== Exercise goal ==
Transcribe the full listing without changing a word, and omit its pictures.

== Information shown ==
____________________

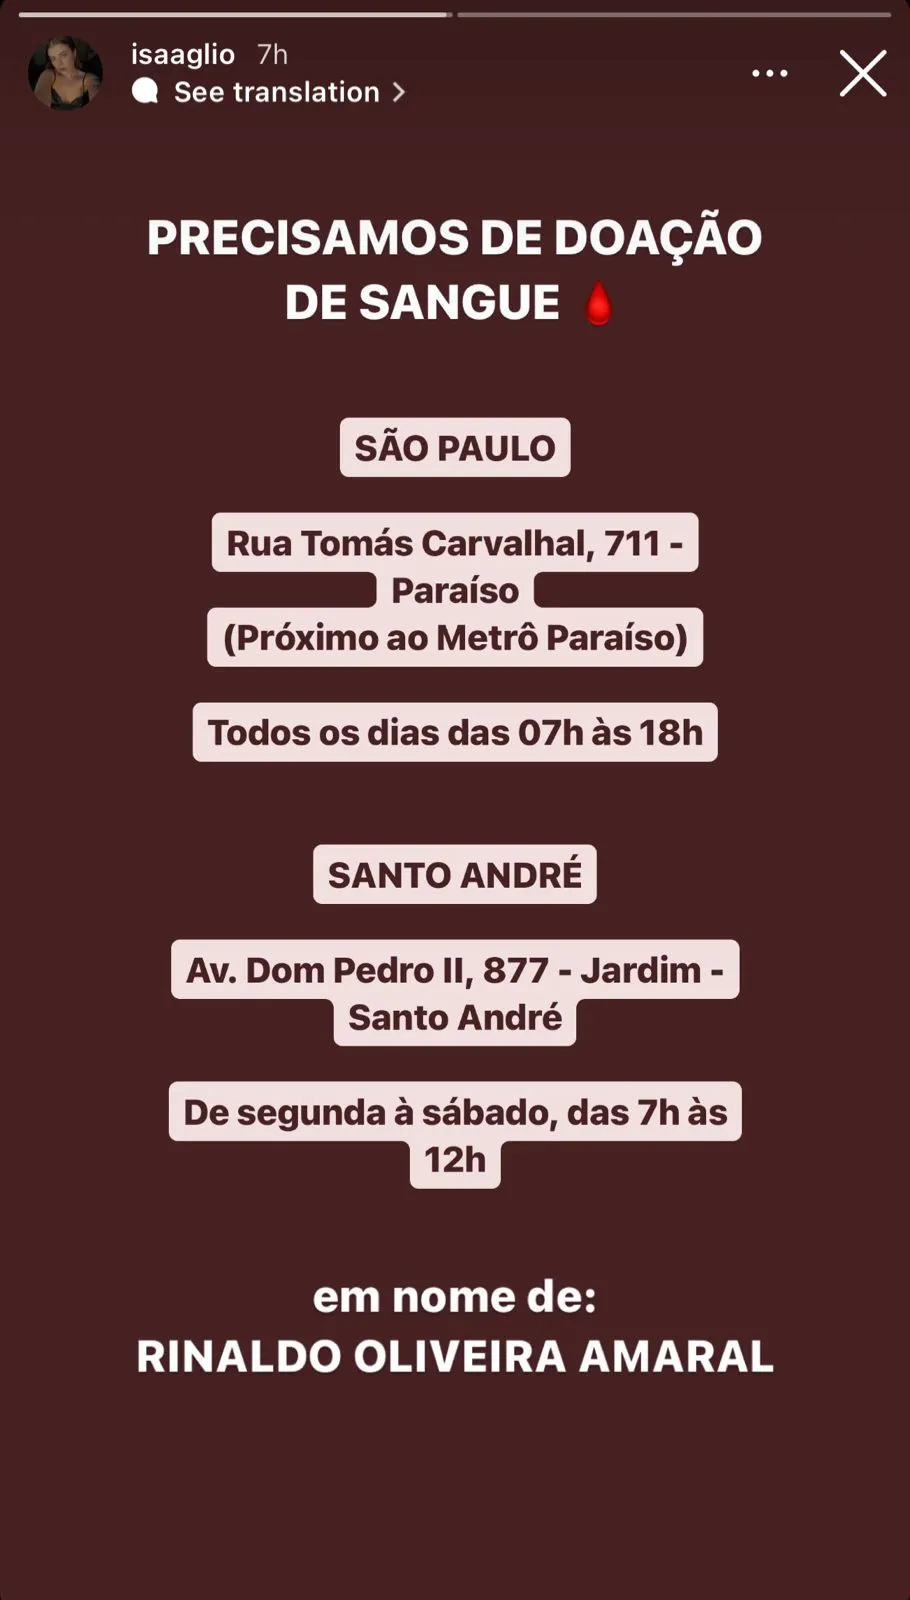 As doações estão sendo feitas em São Paulo e Santo André
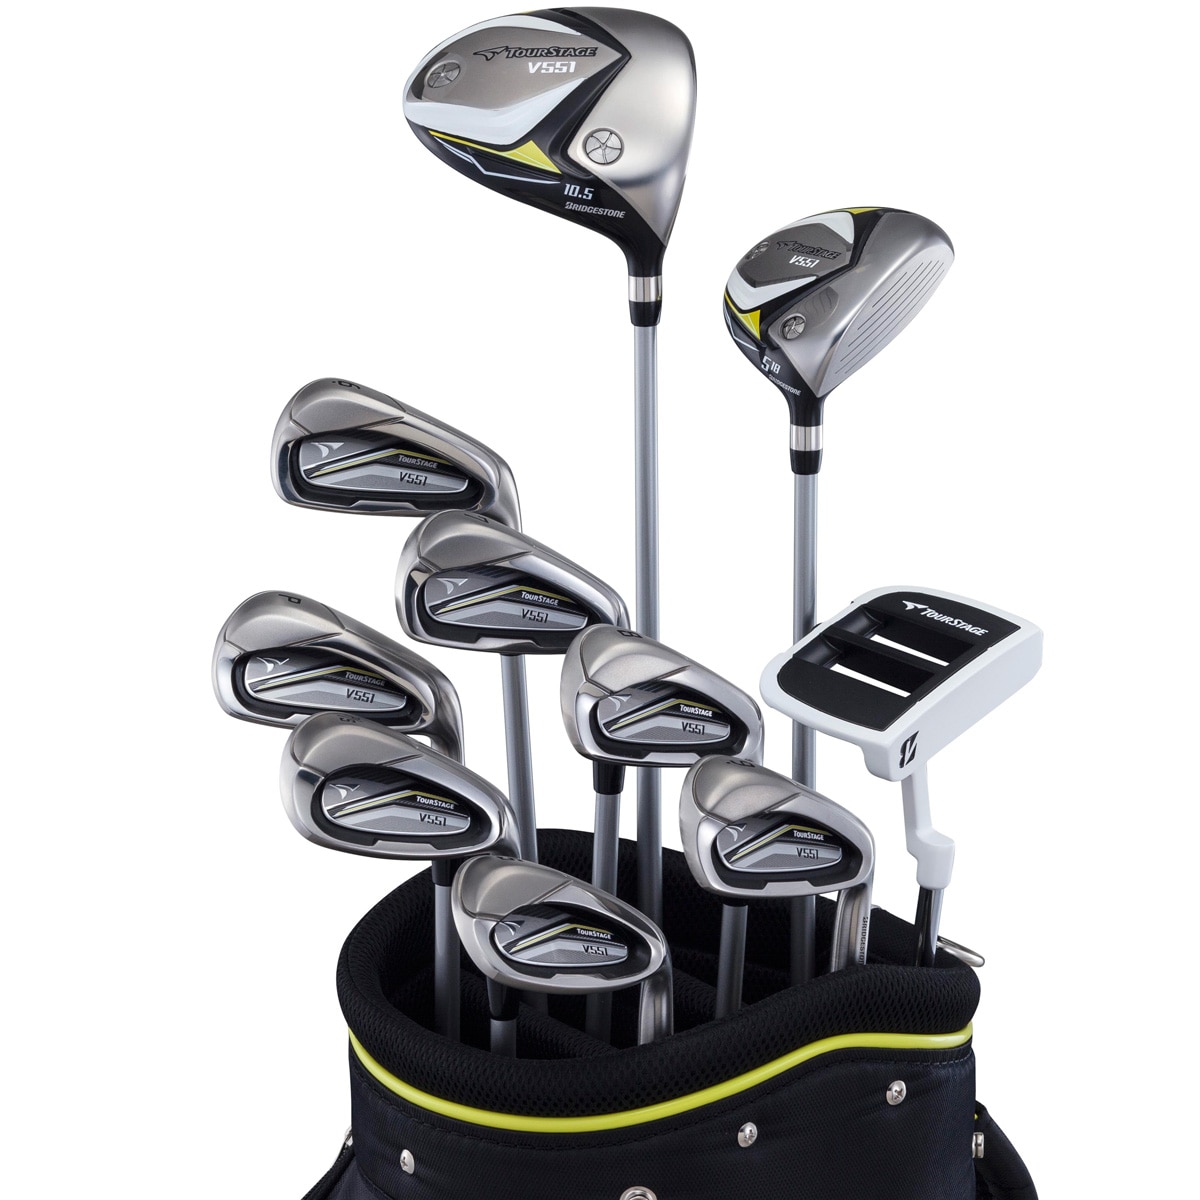 GolfsetTOURSTAGE V551 メンズゴルフクラブセット
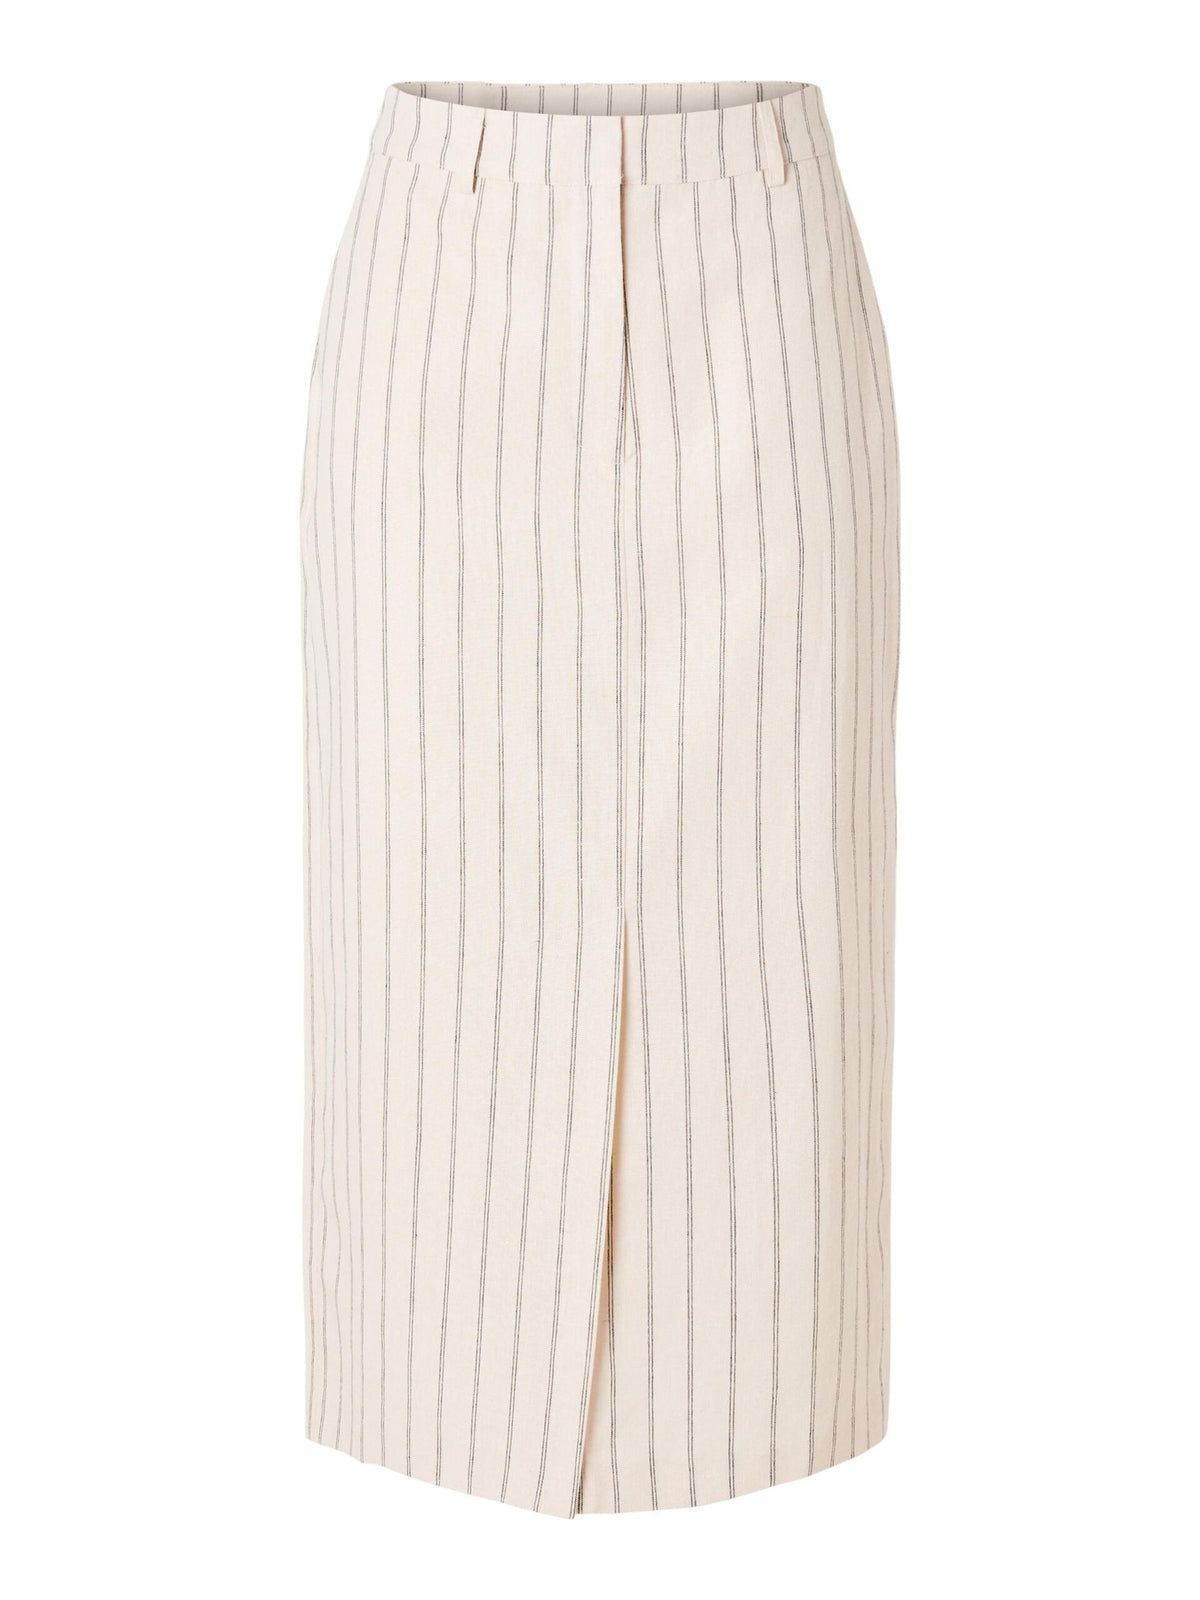 SLF Hilda Pencil Skirt in Pin Stripe Sandshell

____________________

== Solution ==
 As doações estão sendo feitas em São Paulo e Santo André
 GolfsetTOURSTAGE V551 メンズゴルフクラブセット
 SLF Hilda Pencil Skirt in Pin Stripe Sandshell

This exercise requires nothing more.